4. Der Sicherheitsgurt: Alles läuft lokal 🏠

Die meisten KI-Tools senden Daten in die Cloud (zu Servern von Google, Microsoft etc.). Das kostet Geld und wirft Datenschutzfragen auf.

  • Stans Ansatz: Stan läuft komplett auf dem eigenen Laptop oder einem lokalen Server der Universität.
  • Die Analogie: Statt Ihre Notizen an eine fremde Firma zu schicken, um sie lesen zu lassen, setzen Sie einen eigenen, sehr klugen Sekretär an Ihren Schreibtisch. Er liest alles, was Sie sagen, behält es bei sich und gibt Ihnen die Antworten.
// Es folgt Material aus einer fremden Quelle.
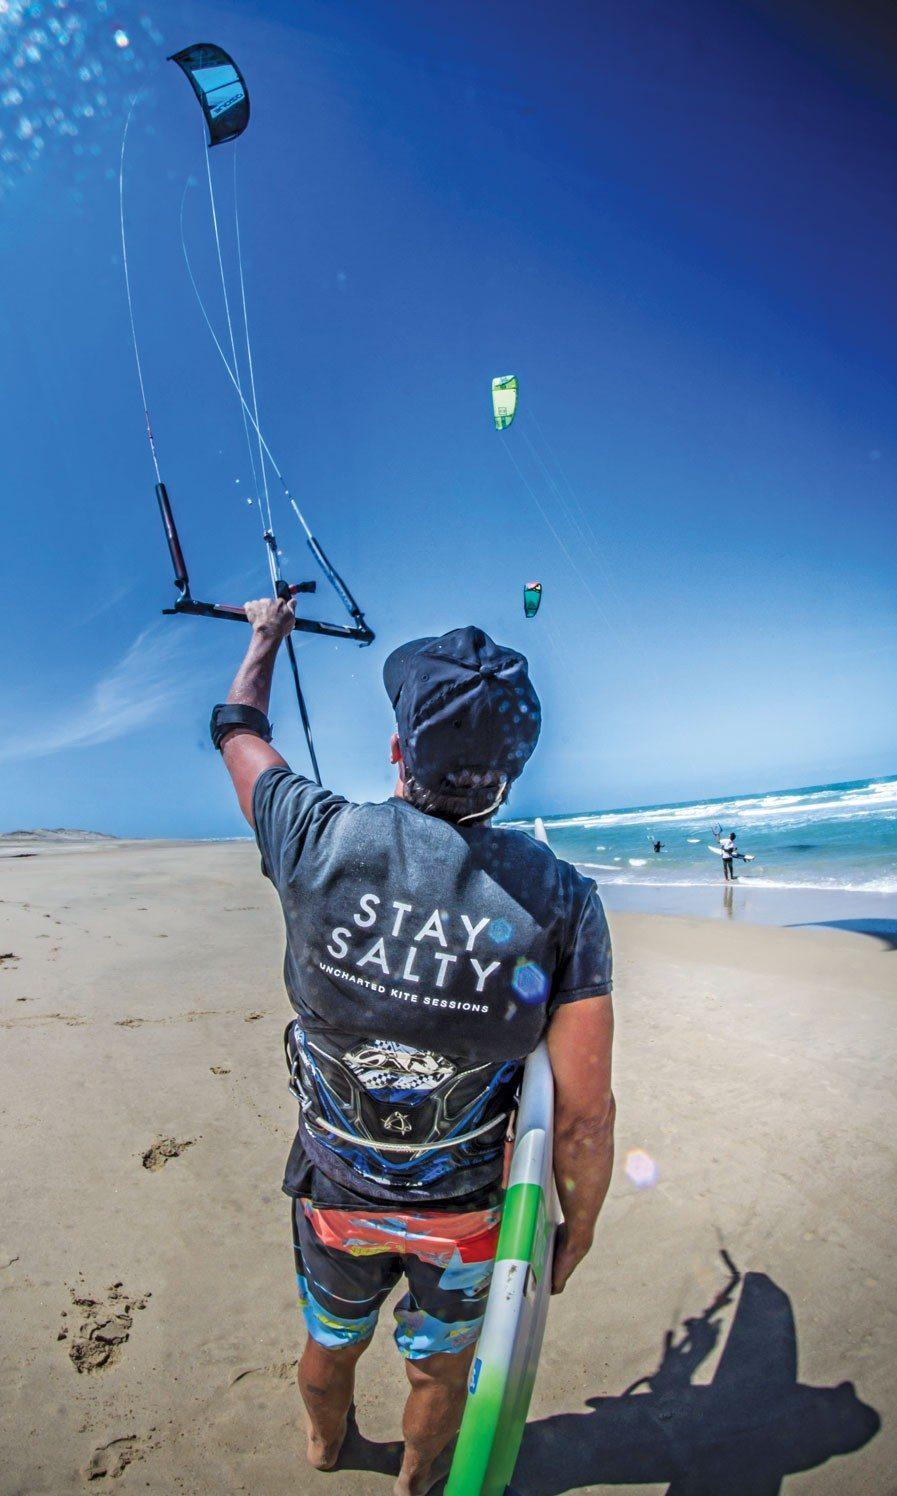 Cabarete Kite-surfing Pro Series 2016: Photo: Bruna Arcangelo de Toledo

Niemand anders sieht Ihre Daten, und Sie zahlen keine monatlichen Gebühren pro Frage.

5. Die Herausforderungen: Wenn der Roboter stolpert 🤖

Die Autoren berichten auch ehrlich über Probleme, die sie lösen mussten:

  • Vergesslichkeit: Manchmal „vergisst" das KI-Modell den Anfang der Vorlesung, weil der Text zu lang ist (wie wenn man ein Buch liest und den ersten Satz vergisst, bevor man den letzten liest). Sie haben das gelöst, indem sie den „Gedächtnisraum" des Computers vergrößert haben.
  • Scheinfragen: Manchmal denkt die KI, eine harmlose Bemerkung wie „Versteht ihr das?" sei eine echte Schülerfrage. Sie haben ein zweistufiges System gebaut: Erst sammelt sie alle Fragen, dann sortiert sie die unwichtigen aus.
  • Fachwörter: KI-Modelle kennen oft keine speziellen Chemie-Begriffe (z. B. „Fugazität" statt „Gasdruck"). Der Professor muss dem System eine kleine Liste mit den wichtigsten Wörtern geben, damit es diese richtig versteht.

Fazit: Ein Werkzeug für mehr Klarheit

Stan ist nicht da, um den Professor zu ersetzen oder die Hausaufgaben für die Studenten zu machen. Es ist eher wie ein Verstärker für das Lernen.

  • Für den Studenten ist es ein Kompass, der im Dickicht des Lehrstoffs den richtigen Weg weist.
  • Für den Professor ist es ein Spiegel, der zeigt, wie die Lehre wirklich ankommt.

Das Papier zeigt, dass wir KI nicht nur als „Chatbot" nutzen sollten, sondern als Werkzeug, um die Qualität von Bildung zu verbessern – und das alles sicher, privat und ohne Abhängigkeit von großen Tech-Firmen.